━━━ GIVEN DATA ━━━

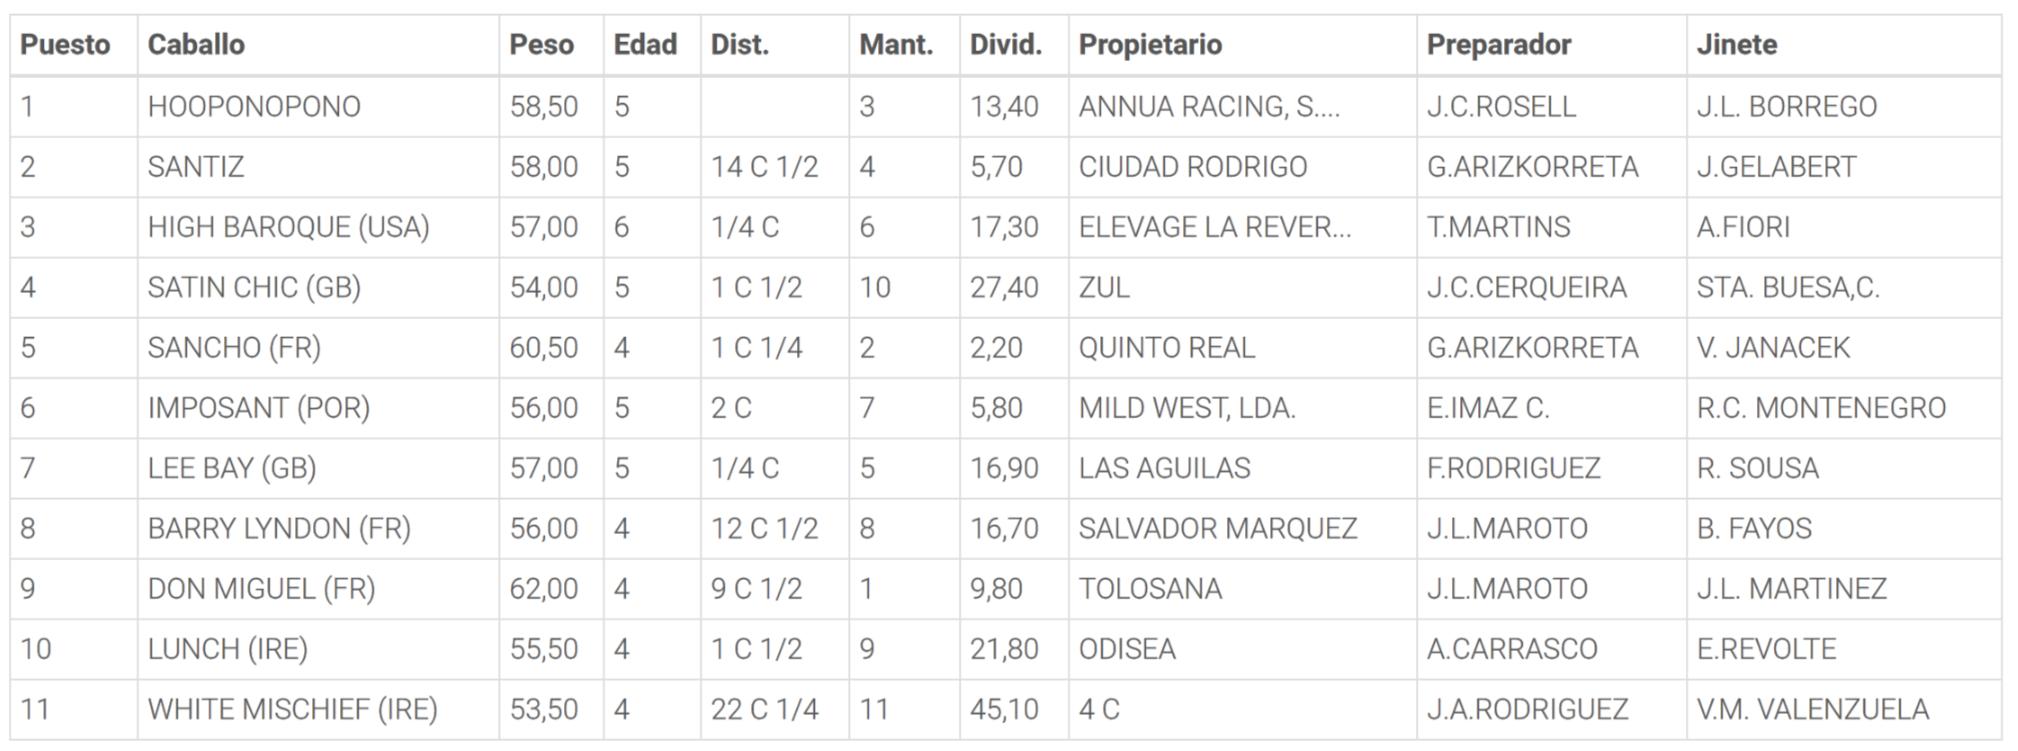 Resultados de la Carrera 4. Hipódromo de la Zarzuela
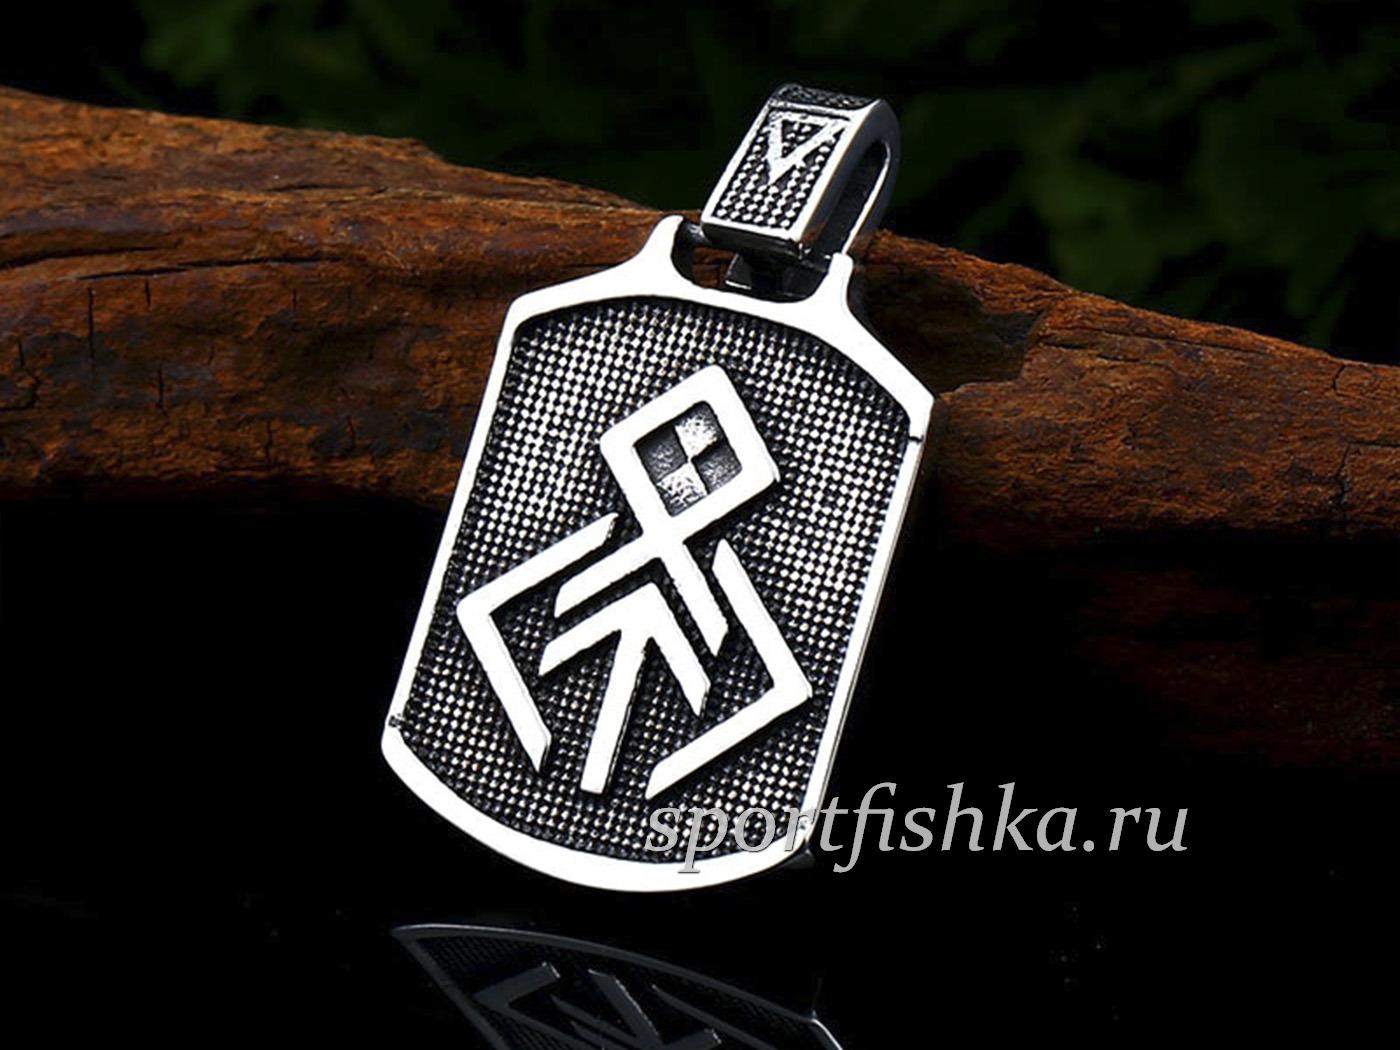 Амулет славянский купить
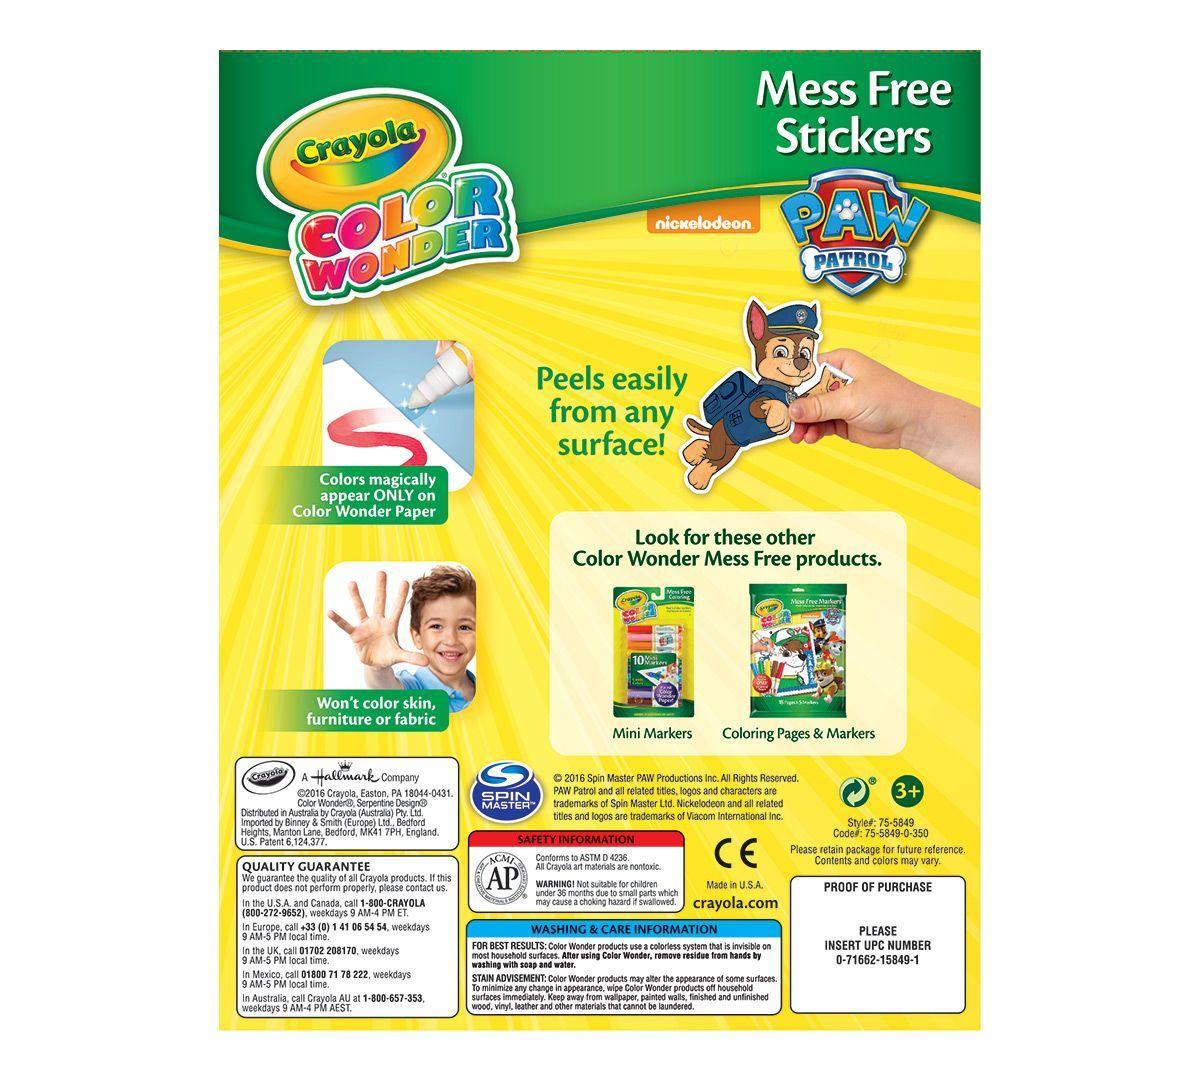 Crayola: Color Wonder Mess Free Sticker Set - Paw Patrol image

━━━

No pictures should appear in the copy. Print exactly the lines above from the line containing "Амулет славянский купить" through the last line of the data.

 Амулет славянский купить
 Crayola: Color Wonder Mess Free Sticker Set - Paw Patrol image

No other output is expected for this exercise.